И он ушел в себя; мы могли бы круглый год жить в лесопромышленном поселке, но он предпочел затерянность двух пустынь: большого города и дикого леса. В городе мы переезжали с квартиры на квартиру, а здесь он выбрал самое отдаленное озеро — когда родился брат, сюда и дороги еще не проложили. Даже деревня, на его вкус, была чересчур многолюдна, ему нужен был остров, место, где он мог бы воспроизвести не мирную жизнь фермера, которой жил его отец, а простое существование ранних поселенцев, прибывших сюда, когда здесь не было ничего, кроме лесов, и никакой идеологии, помимо той, что они привезли с собою. Когда люди говорят о свободе, имеют обычно в виду не свободу как таковую, а огражденность от постороннего вмешательства.
Пачка бумаг по-прежнему лежит на полке под лампой. До сих пор я их не трогала, перебирать его бумаги, если он жив, значило бы вторгаться в его личное. Но теперь, раз я допускаю, что его нет, стоит, пожалуй, посмотреть, что он мне оставил в наследство, В роли душеприказчика.
Я ожидала найти что-нибудь вроде отчета о росте и болезнях деревьев, незавершенный труд; но на первой странице оказался только грубый рисунок человеческой руки, выполненный фломастером или кистью, и к нему непонятные обозначения, цифры, какое-то название. Пролистываю еще несколько страниц. Опять руки, одна по-детски статичная человеческая фигурка без лица, ступни и кисти тоже отсутствуют; на следующей странице — такое же существо, но на голове торчат то ли древесные ветви, то ли оленьи рога. И на каждой странице — разные числа, а кое-где и слова: лишайник, красные, слева. Совсем безо всякого смысла. Почерк папин, но измененный, какой-то торопливый, небрежный.
Снаружи доносится деревянный стук, это борт каноэ ударяется о мостки, они причалили на слишком большой скорости. Потом их смех. Кладу бумаги обратно на полку, не хочу, чтобы они видели.

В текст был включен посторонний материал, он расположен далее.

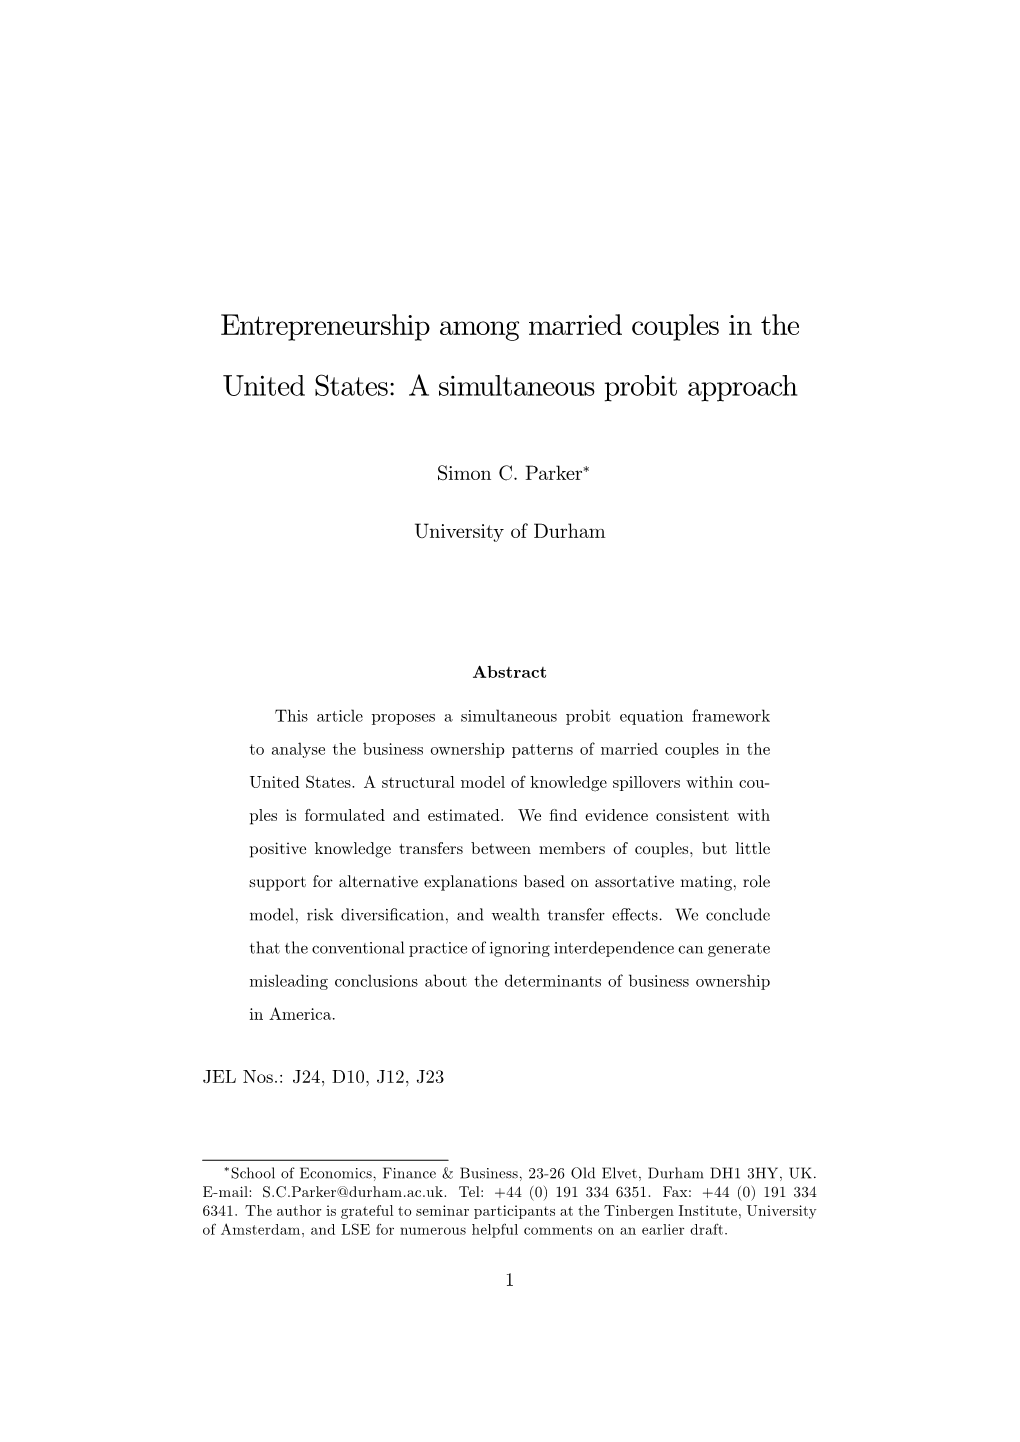 Entrepreneurship Among Married Couples in the US
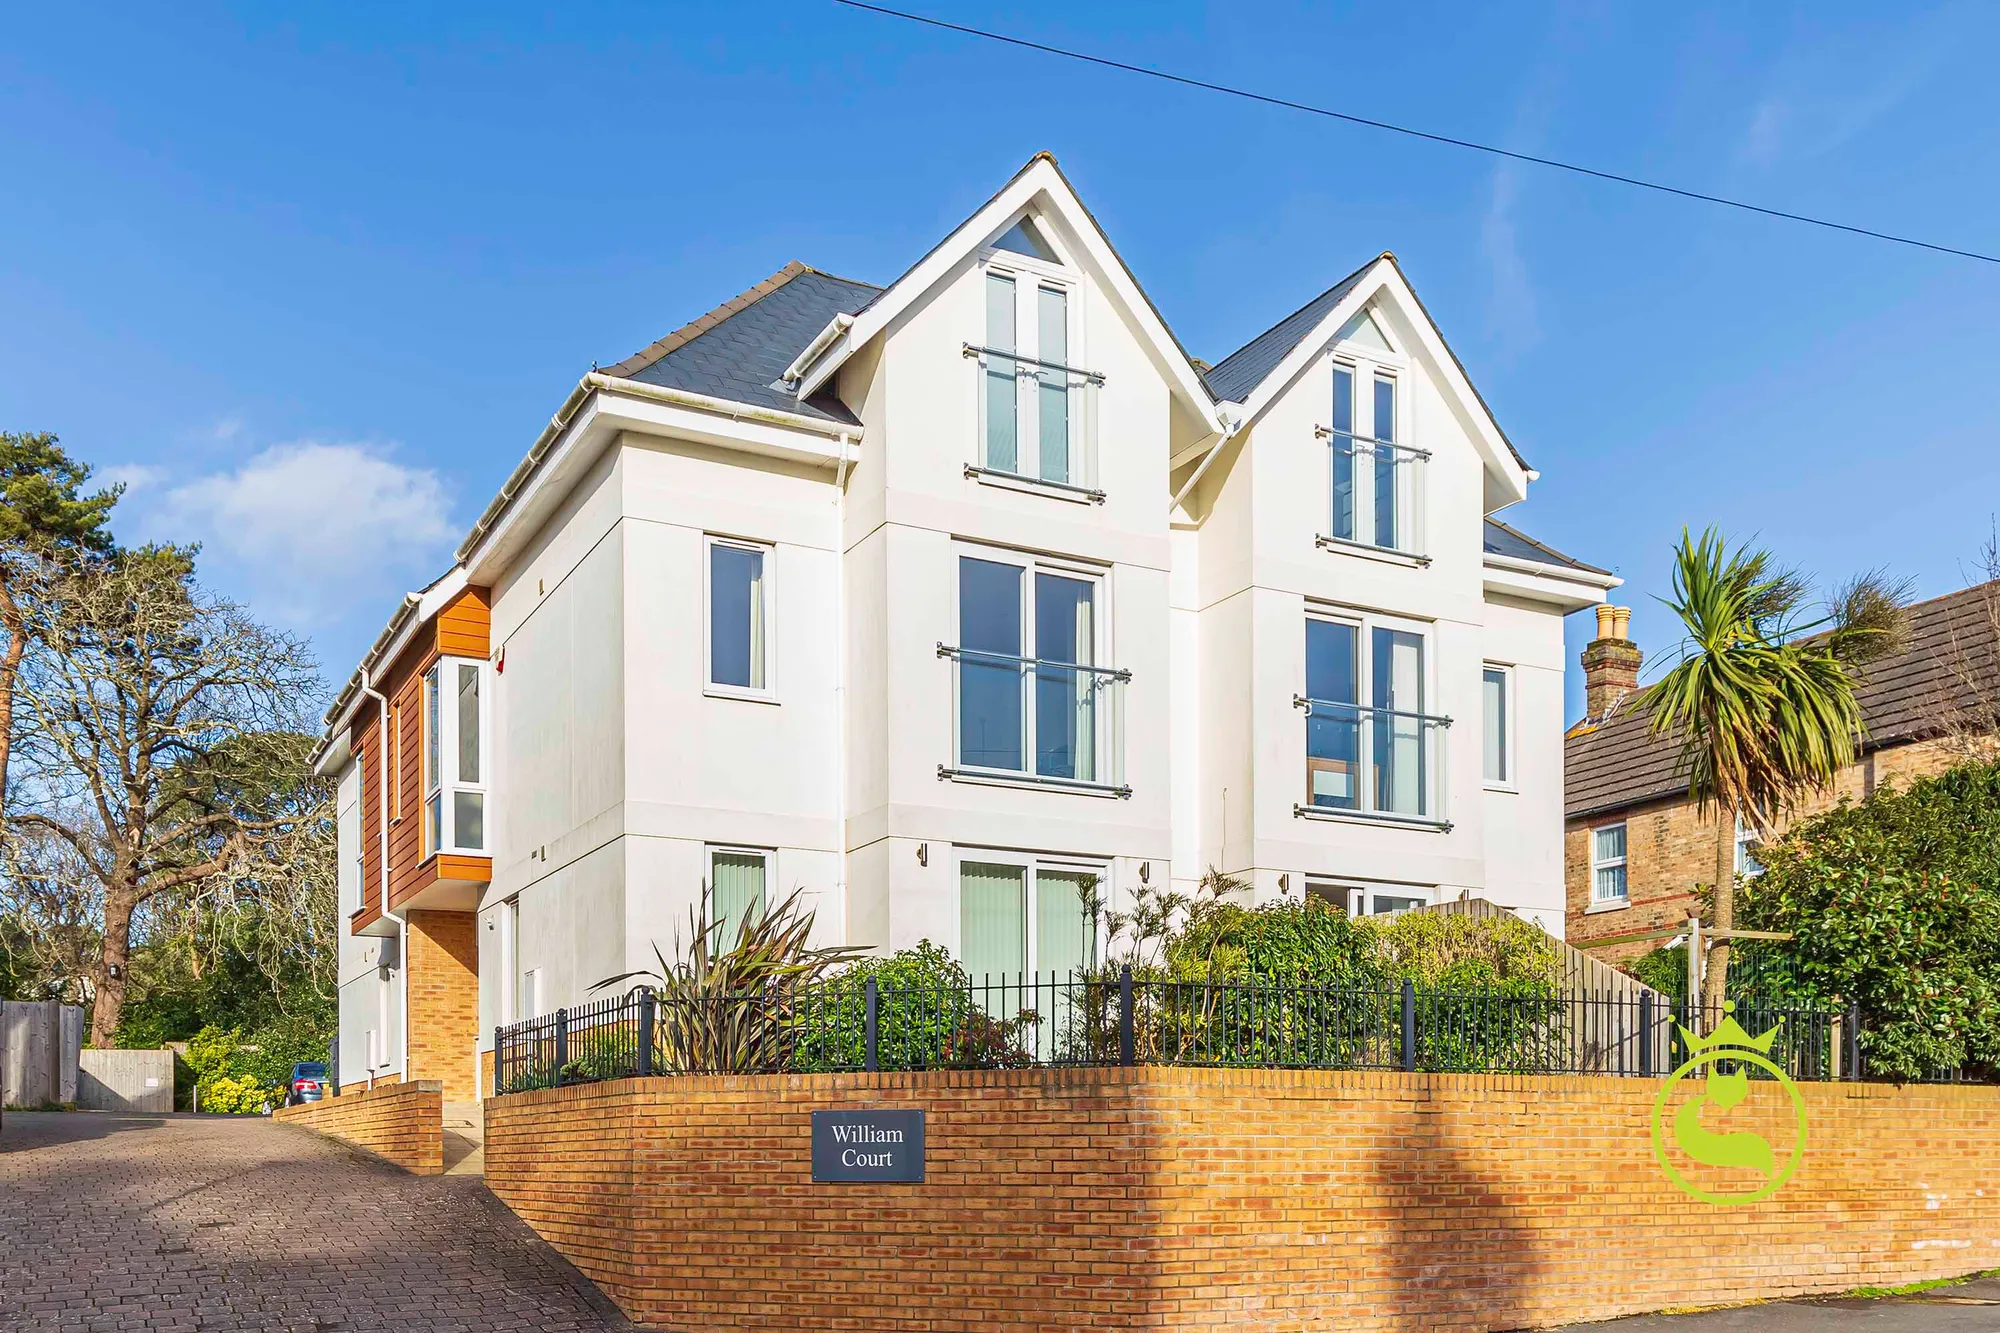 4 bed semi-detached house for sale in Sandringham Road, Poole - Property Image 1

Вот что он делал тут всю зиму: сидел один в лесном доме, отрезанный от мира, и выводил эти бессмысленные каракули. Склоняюсь над столом, и сердце у меня тревожно колотится, словно я вдруг открыла шкаф, который считала пустым, а там оказалось нечто совершенно неуместное — коготь, например, или кость. Возможность, которую я упустила из виду: он мог сойти с ума. Спятить, сбрендить. Трапперы знают, что это случается, когда слишком долго живешь один в лесу. И если сошел с ума, то вполне возможно, что не умер; тогда все правила меняются.
Из комнаты выходит Анна, снова в брюках и рубашке. Останавливается перед зеркалом и расчесыва ет волосы, светлые на концах, темные у корней, напевая с закрытым ртом «О мое солнце»; от сигареты тянется, завиваясь, синий дымок. «Помоги, — мысленно кричу я ей, — Заговори!» И она слушается.
— Что на обед? — говорит она, а потом машет рукой: — Вот и они!